Task prompt
Give back the whole listing word for word and skip each picture.

Information shown
*** Begin section ***

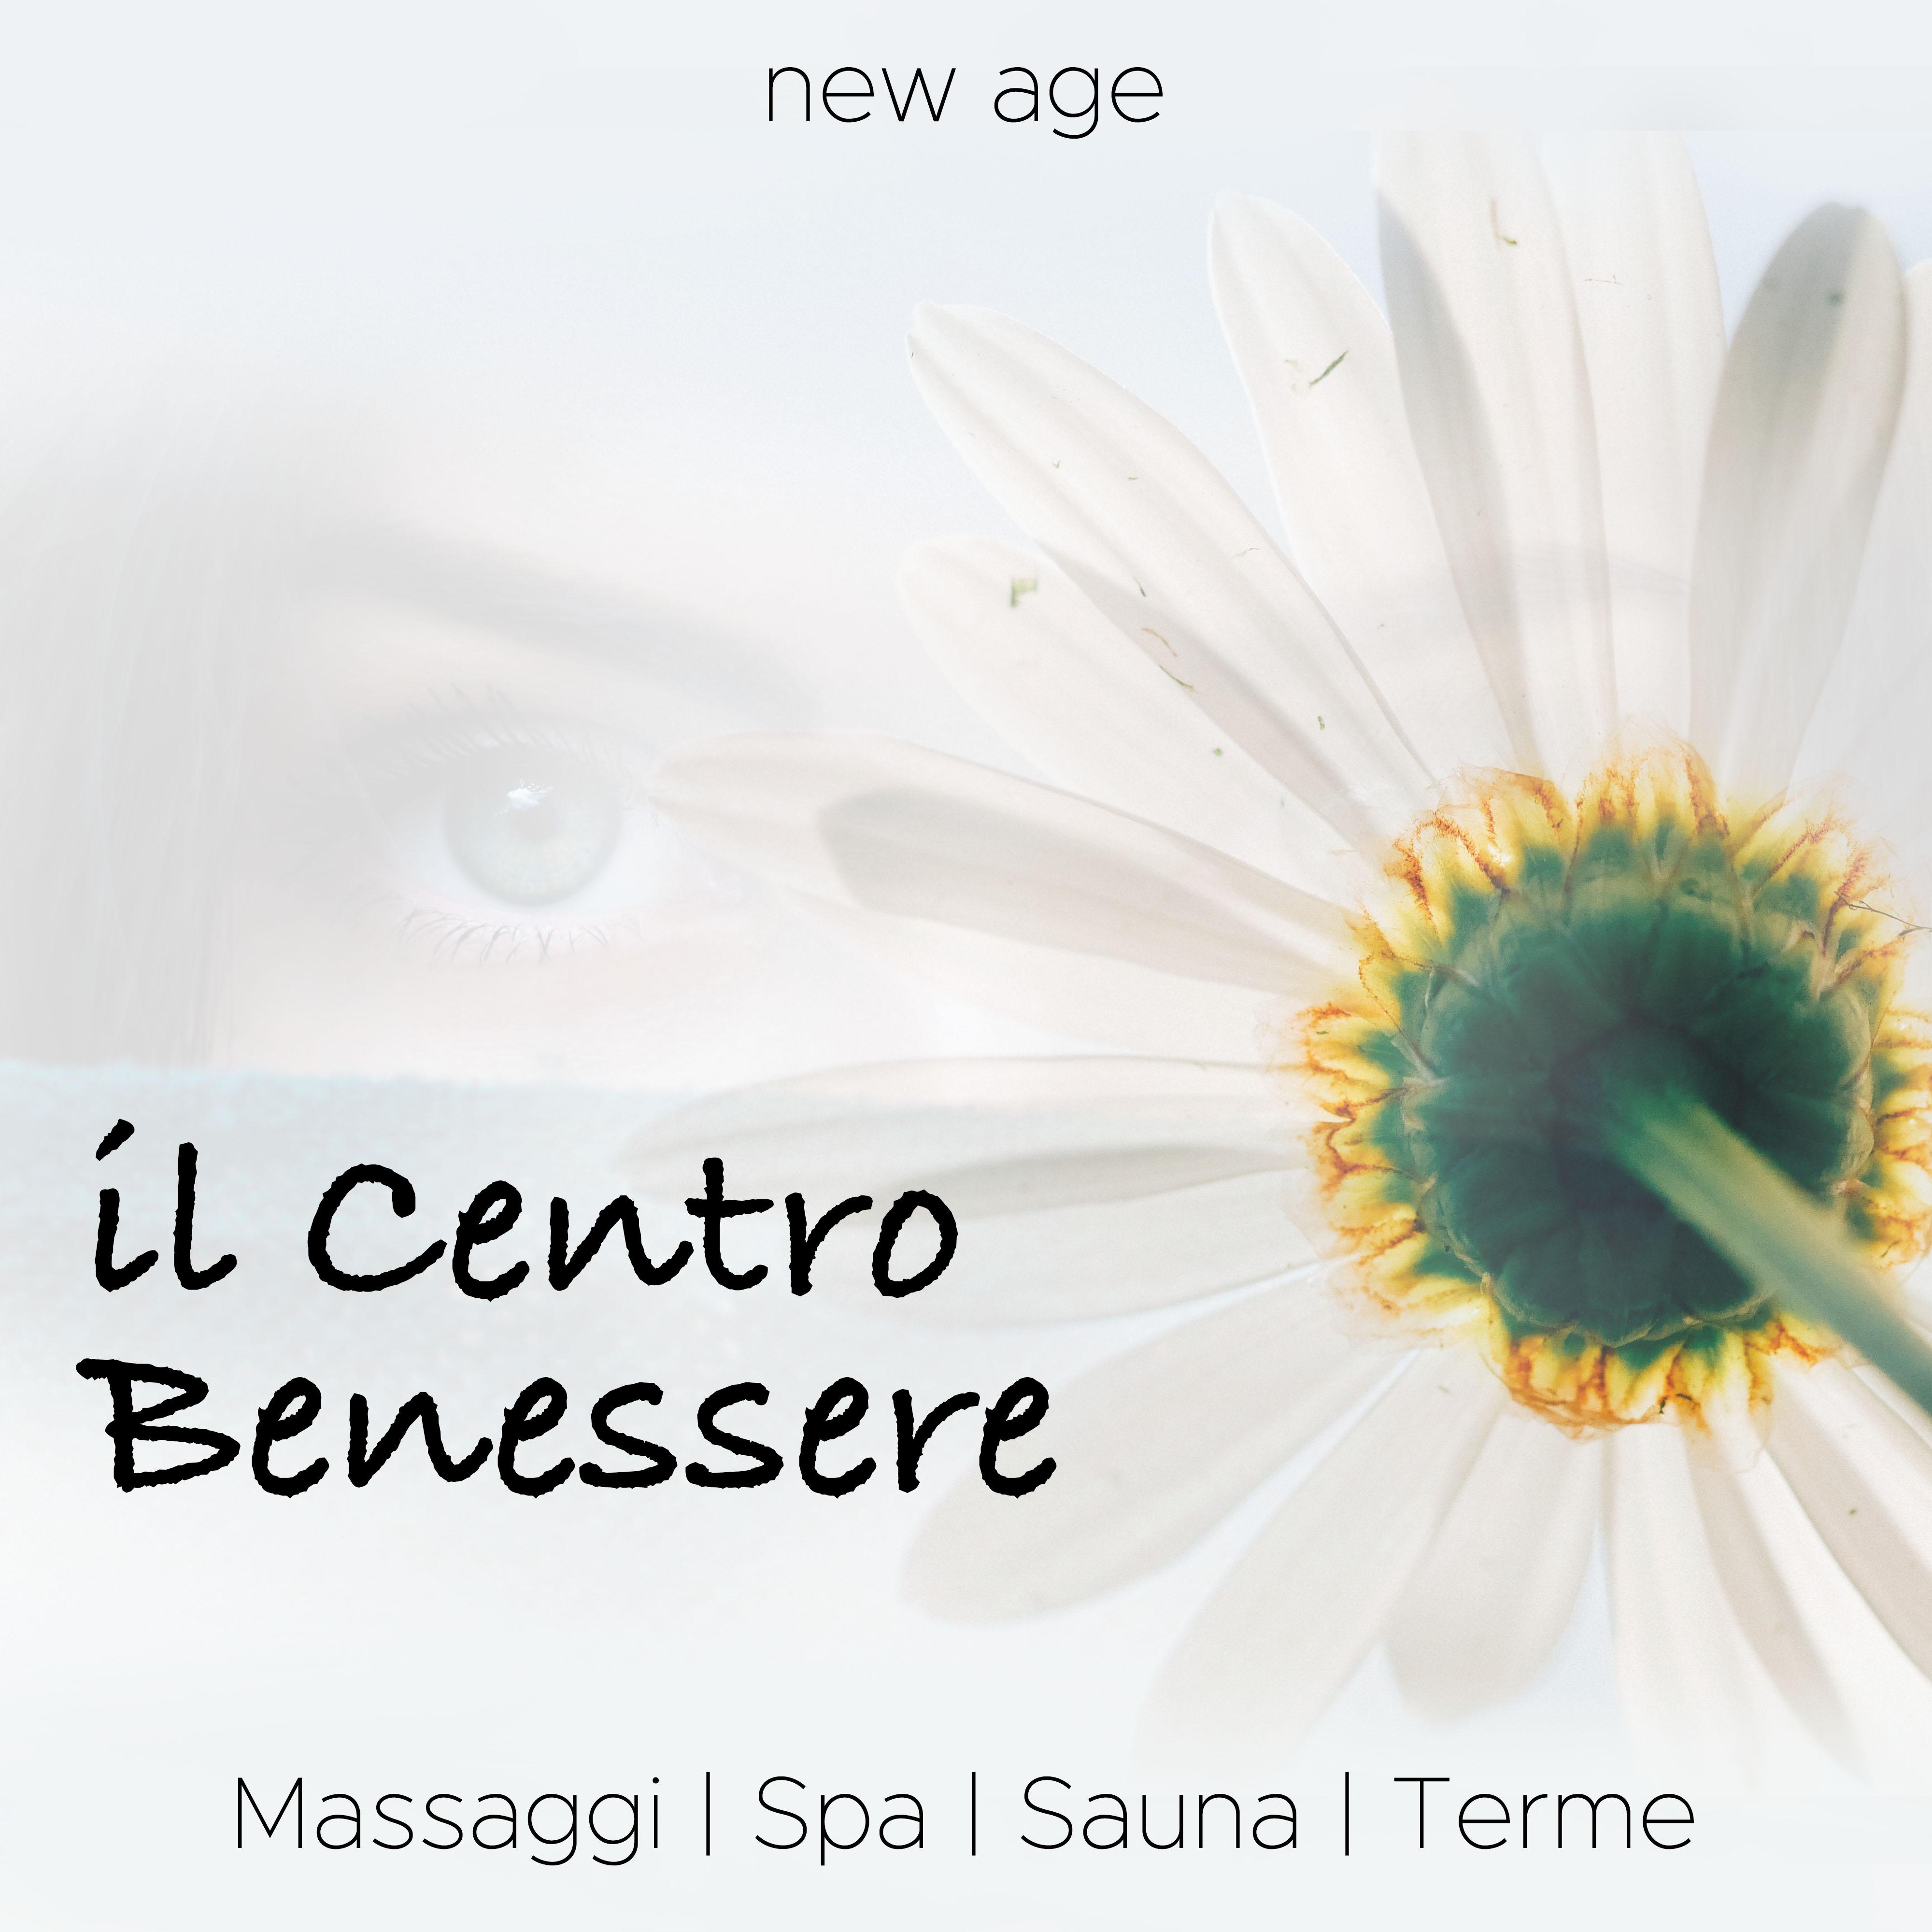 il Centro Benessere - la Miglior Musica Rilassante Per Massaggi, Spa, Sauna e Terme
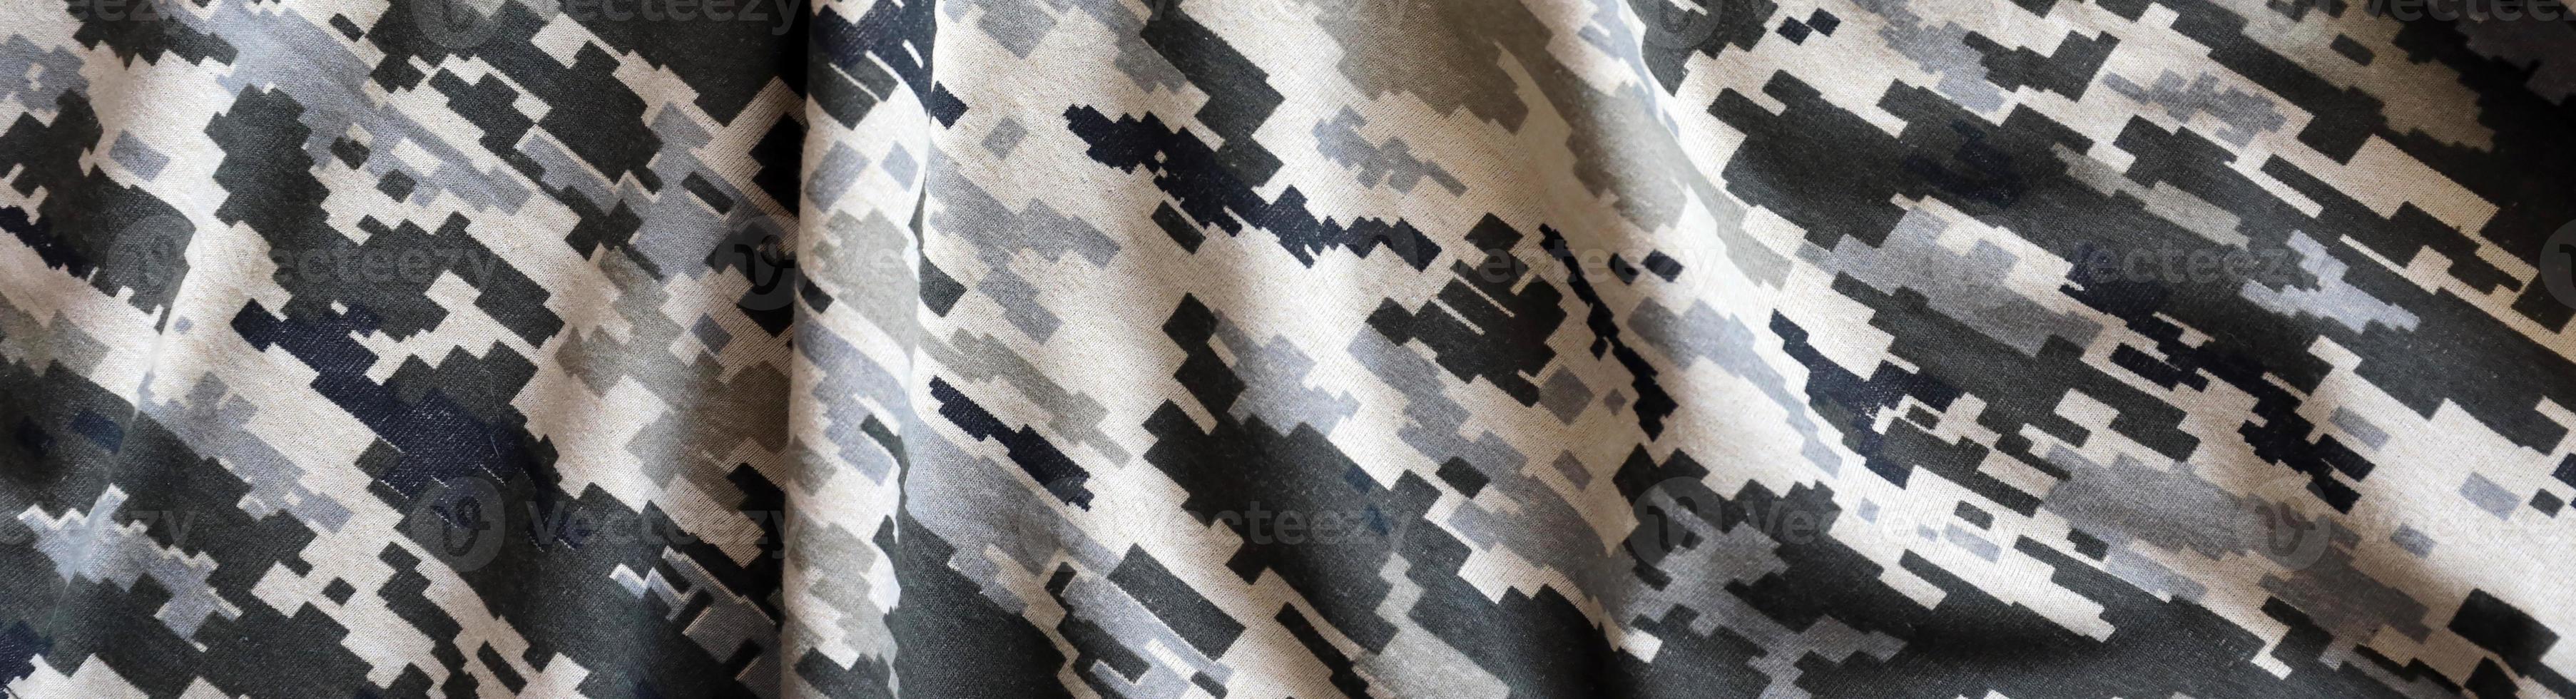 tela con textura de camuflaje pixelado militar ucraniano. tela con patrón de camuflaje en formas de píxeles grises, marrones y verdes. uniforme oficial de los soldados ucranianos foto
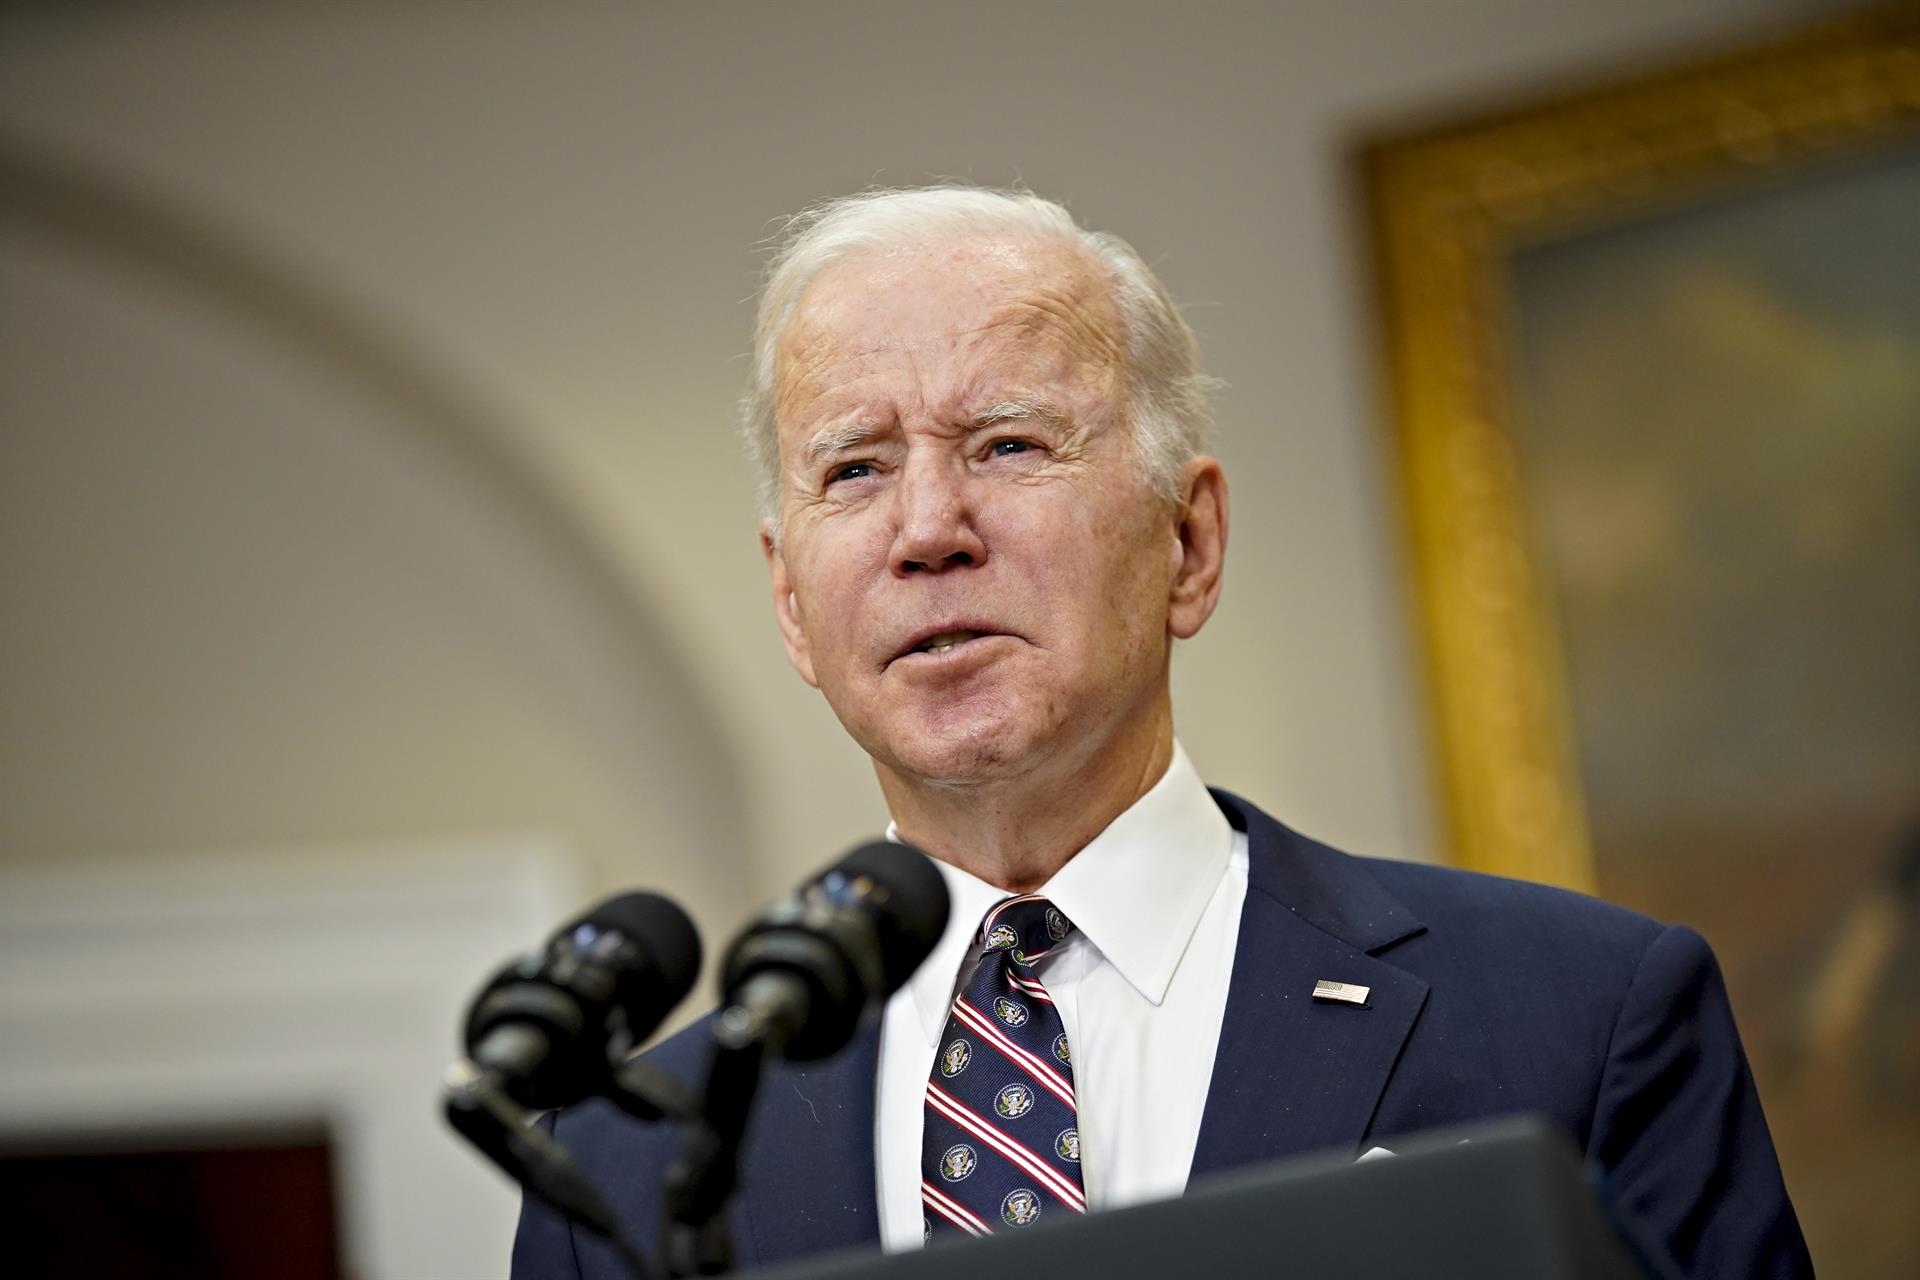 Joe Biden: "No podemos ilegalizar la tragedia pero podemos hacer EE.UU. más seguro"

*** End section ***

Output below
 il Centro Benessere - la Miglior Musica Rilassante Per Massaggi, Spa, Sauna e Terme
 tela con textura de camuflaje pixelado militar ucraniano. tela con patrón de camuflaje en formas de píxeles grises, marrones y verdes. uniforme oficial de los soldados ucranianos foto
 Joe Biden: "No podemos ilegalizar la tragedia pero podemos hacer EE.UU. más seguro"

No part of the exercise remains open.